In this paper we compare three different approaches to process NMR data prior to multivariate data analysis, namely peak alignment using the PARS algorithm (Torgrip et al., 2003; Åberg et al., 2005; Forshed et al., 2005), the traditional “bucketing” scheme and down-sampled raw data. A method is proposed to differentiate interesting sets of metabolites (variables) with respect to causality without loosing the resolution of the NMR data by means of differential expression analysis of the aligned data, a method that can be regarded as unsupervised. Furthermore, a method for removal of “biological noise” by projection/subtraction is outlined. The resulting protocol is a straightforward data partitioning (and projection) where the resulting partitioned datasets are analyzed with an unsupervised method (PCA). The data used to illustrate the processing protocol are 600 MHz 1H-NMR spectra of rat urine from a time-series study of the metabolic impact of DL-ethionine, a model substance used for induction of hepatic steatosis (fatty liver).

Experimental

Animals and treatments

Thirty-five male rats, 5 per group (Han Wistar, substrain BrlHan:WIST@Mo, approximately 2 months of age at study onset, weight range 220–320 g) were used in the study. Animals were multiple-housed (2 or 3 per cage) during an acclimatization period in the animal house (10 days). During the course of the study, 5 animals/group were housed in individual metabolism cages to allow for the continuous collection of urine. Animals from group 1–3 were dosed by oral gavage in 10 mL/kg PBS with DL-ethionine (DL-2-amino-4-[ethylthio]butyric acid) for 7 days beginning on day 1 and necropsied on day 8, when tissues were taken for pathology. Animals in group 4 were dosed on day 1 and urine was collected until necropsy on day 8. For the animals in groups 1–4, environmental enrichment was provided (crawl balls). Animals in groups 5–7 received a single dose of ethionine on day 1 and were necropsied 24 h after dosing. For details of the animal treatment, see Table 1. The study was performed according to national animal-study regulations.

Table 1.

Animal groups and DL-ethionine dose levels

Group Dose levels (mg/kg/day) Dosing period (days) Necropsy day (day)
G1 0 7 8
G2 20 7 8
G3 80 7 8
G4 800 Single dose 8
G5 0 Single dose 2
G6 80 Single dose 2
G7 800 Single dose 2

Sample collection

Urine samples were collected on ice in 1% (1 mL, w/v) sodium azide prior to dosing (days −5 and −2, one sample/day) and on days 1–7 (0–7 h and 8–24 h, two samples/day [AM/PM]). Urine pH was recorded and the samples were centrifuged at 500 g for 10 min and the supernatant was then retained at −80 °C until analysis with NMR spectroscopy. This scheme resulted in 16 samples/animal for groups 1–4, and 4 samples/animal for groups 5–7.

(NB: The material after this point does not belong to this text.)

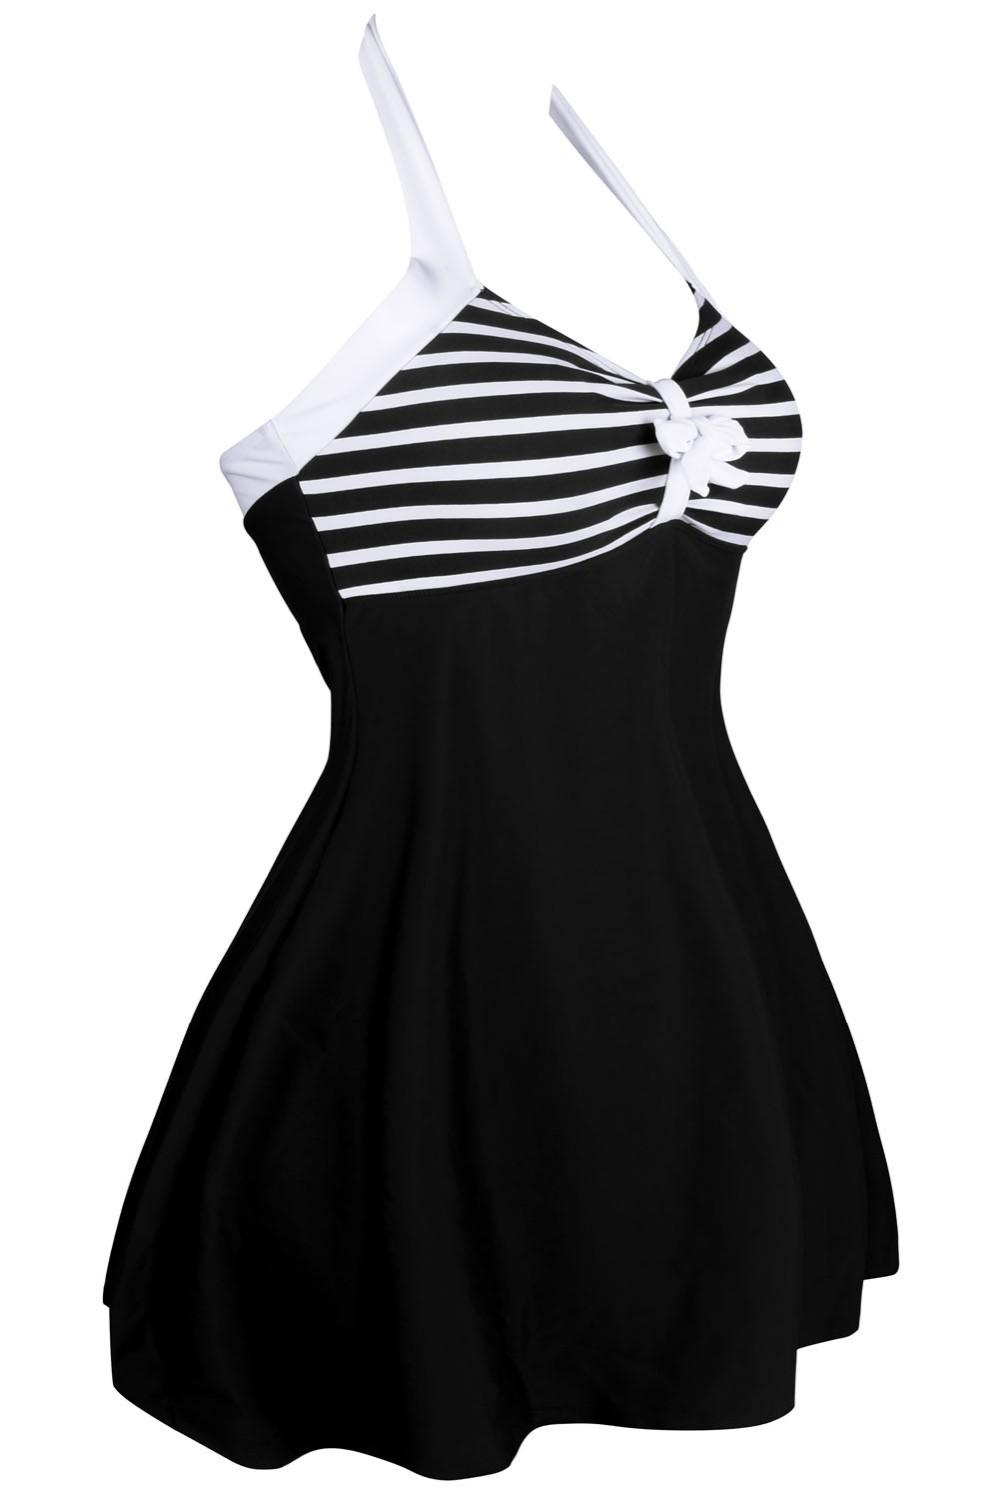 151bb0b420ce 2019 Wholesale Aleumdr One Piece Playsuit Swimwear Beach Wear Girls ...

Although we have not used all the information gathered in this paper, we report the full sampling for completeness. Blood samples for hematology and blood chemistry were taken from the orbital plexus prior to necropsy. Selected organs for histopathology, including liver, kidney, heart, adrenal glands, lungs, pancreas, spleen, stomach, thymus, and testes, were retained at necropsy. Tissue samples were fixed in 10% (w/v) phosphate-buffered formalin and embedded in paraffin wax. Sections were cut and stained with hematoxylin and eosin for light microscopy. Samples from the liver were also freeze-sectioned and stained for fat with Oil Red-O.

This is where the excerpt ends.